Appointment of an Examiner is governed by 11 U.S.C. § 1104(b)(1) which states:

“(b) If the Court does not order the appointment of a trustee under this section . . . the Court shall appoint an examiner to conduct such an investigation of any allegations of fraud, dishonesty, incompetence, misconduct, mismanagement or irregularity in the management of the affairs of the debtor of or by current or former management of the debtor if —
(1) Such appointment is in the interests of creditors, any equity security holders and other interests of the estate . . .”

In the present case, an Examiner will keep his finger on the pulse of the business to protect the interests of the creditors while investigating that the alleged improprieties do not warrant the appointment of a Trustee. This should calm the creditors’ fears that any further deterioration of corporate assets will occur while limiting the drain on the estate. This appointment has the support of the Unsecured Creditors’ Committee as well as many of the other creditors with objections.

I. After reviewing the candidates for Examiner submitted by Sanders and the Unsecured Creditors’ Committee, this Court finds that to conduct a full investigation into the DIP, potentially requiring issuance of subpoenas and other legal action, an accounting firm alone will not suffice. To avoid the added expense to the estate of appointing counsel to assist an accounting firm, this Court urges the U.S. Trustee to appoint, pursuant to 11 U.S.C. § 1104(c), an Examiner in this matter who is proficient in both accounting and law with the latter containing specialized training in the Bankruptcy Code.

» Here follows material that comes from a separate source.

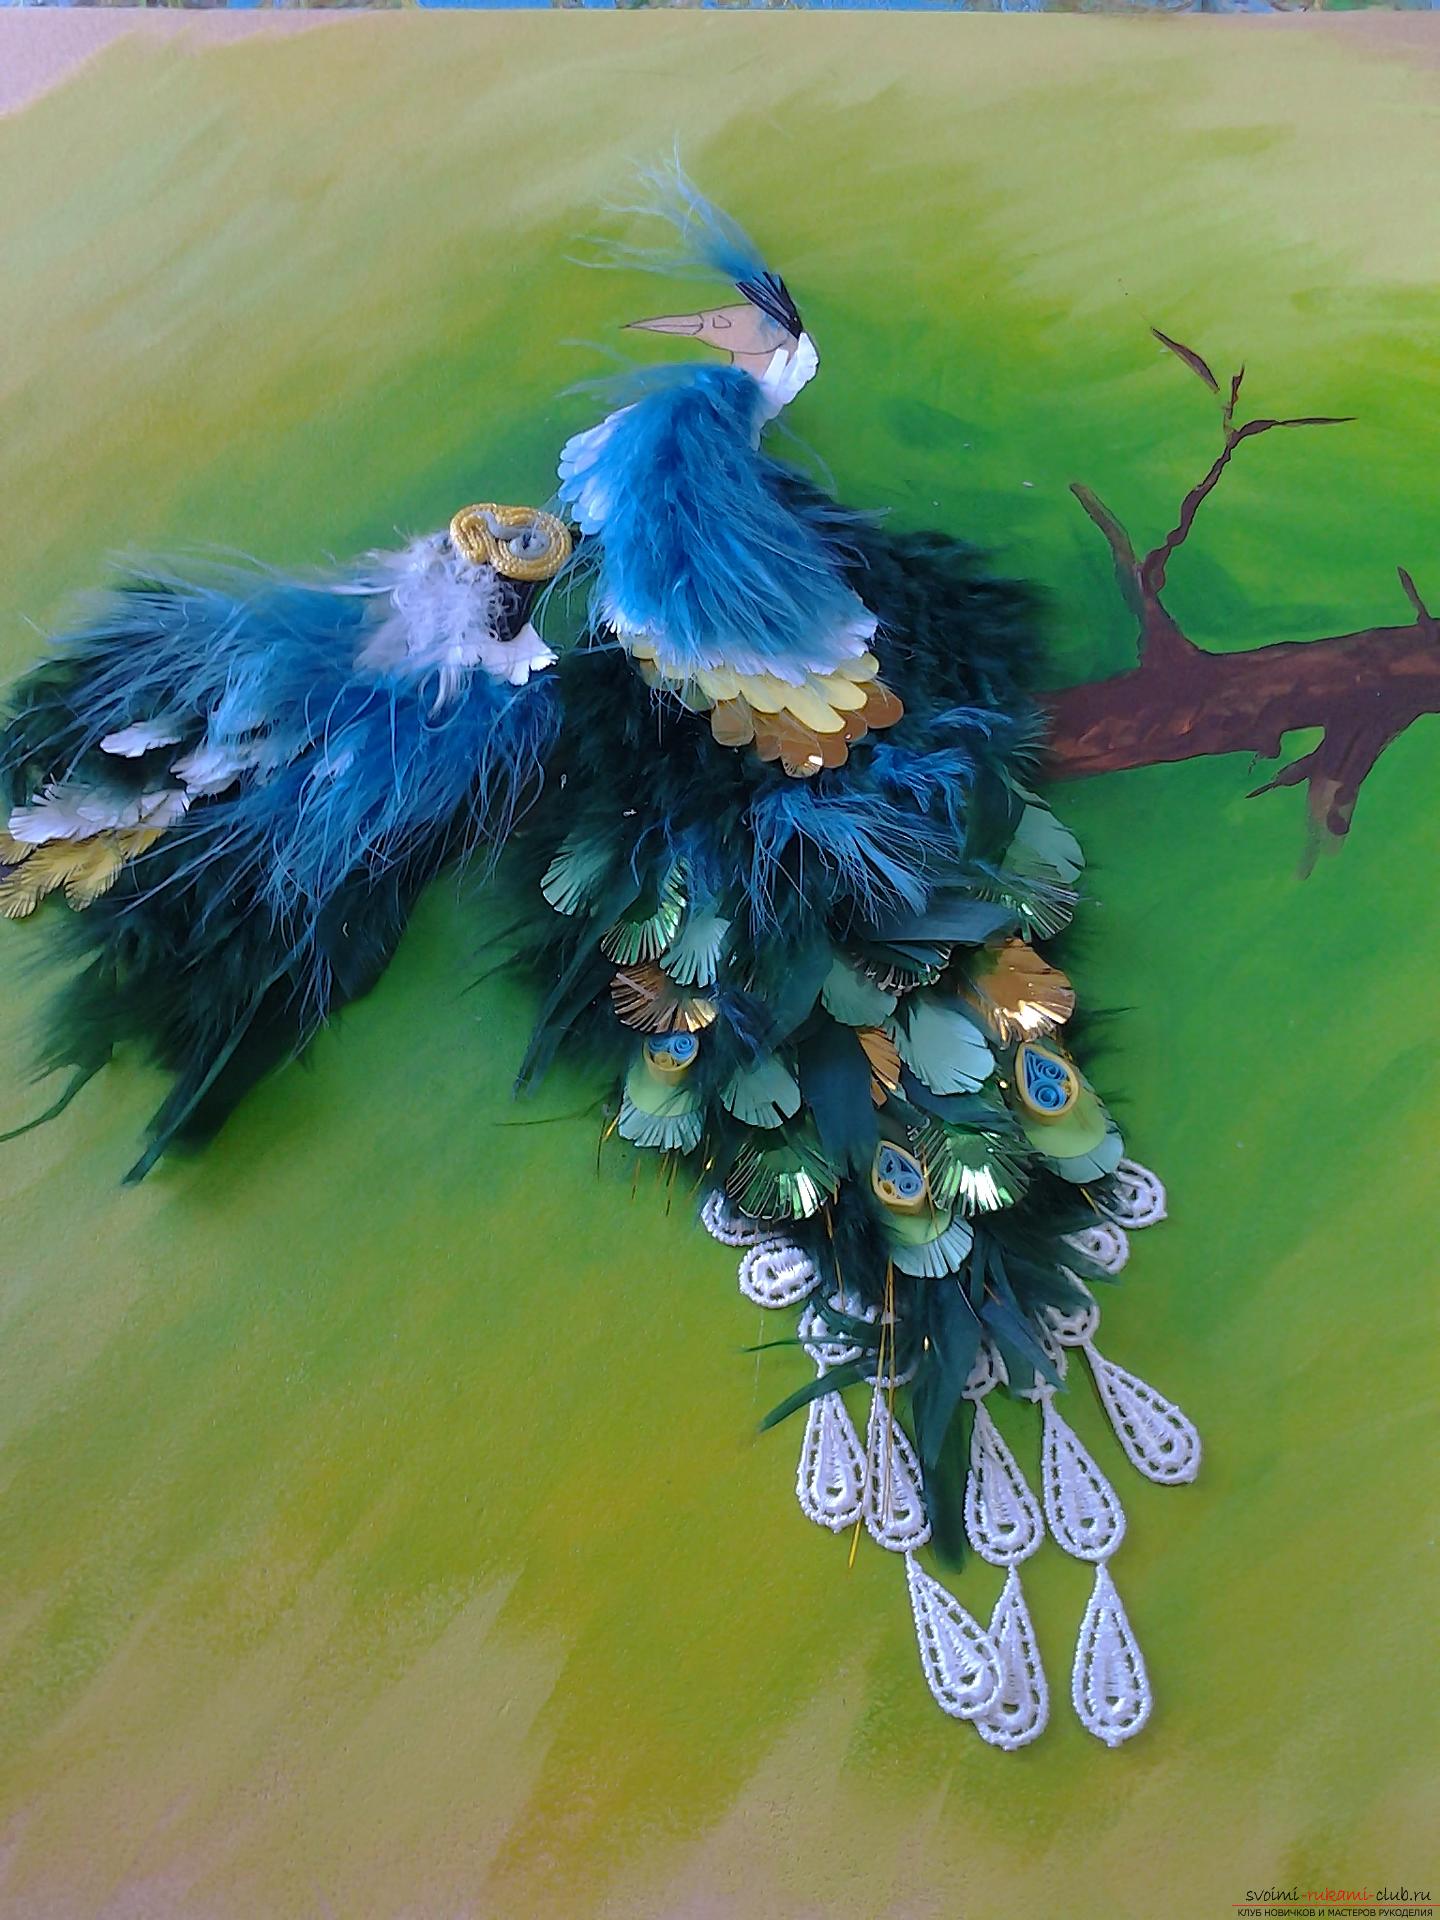 Original painting: birds on a branch. Photo №4
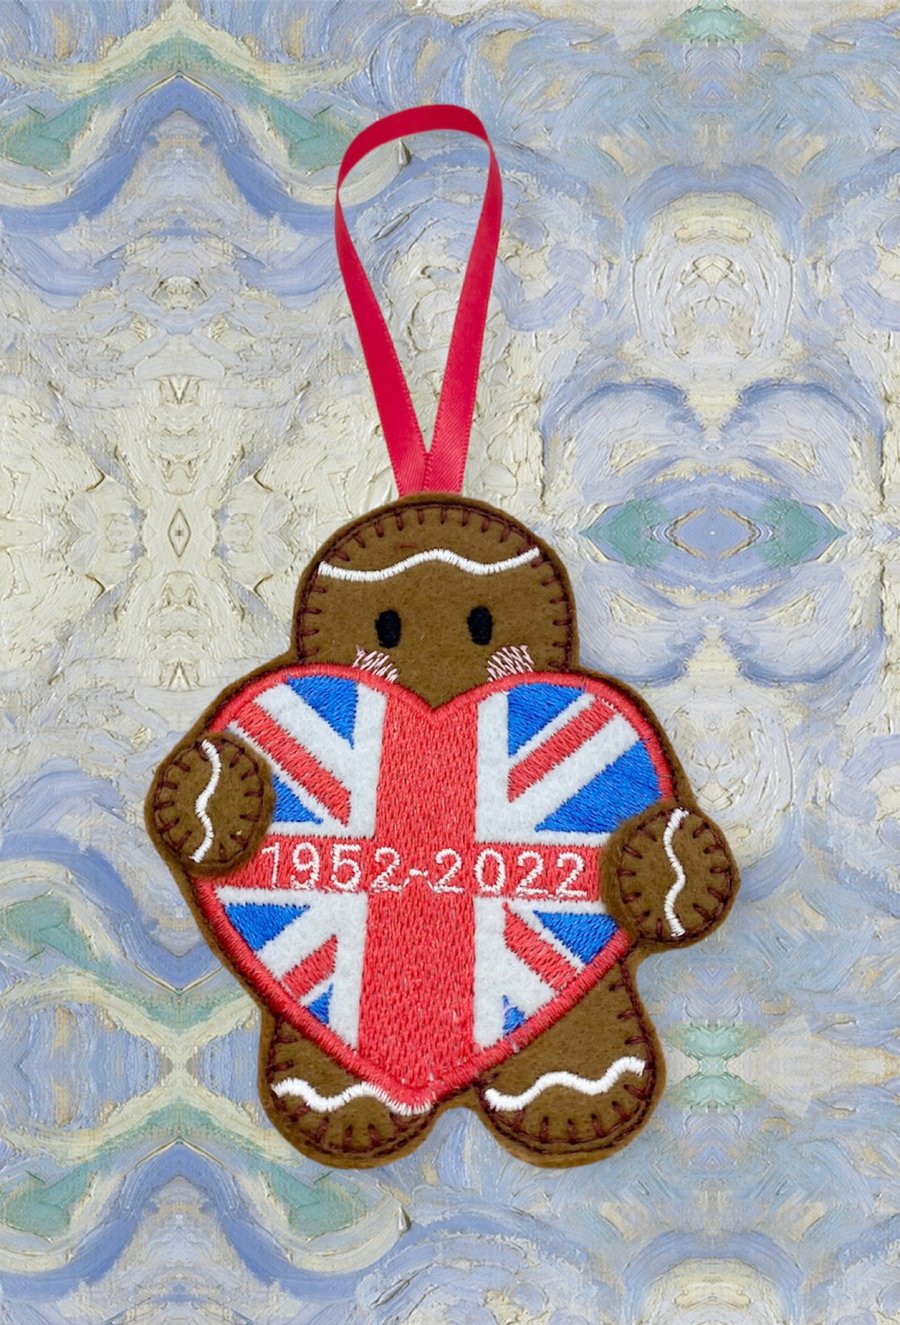 Union Jack Platinum Jubilee Heart Gingerbread Man Queen Jubilee Decoration

IT IS THEREFORE ORDERED that the Motions to Appoint an Interim Trustee and a Trustee are denied. IT IS FURTHER ORDERED that the U.S. Trustee appoint an Examiner in this cause and seek this Court’s approval of the scope of authority extended, directions given, as well as the estimated fee and expenses. U.S. Trustee shall confirm DIP’s capability of paying the estimated costs prior to requesting a hearing, after notice to interested persons, before this Court on said approval.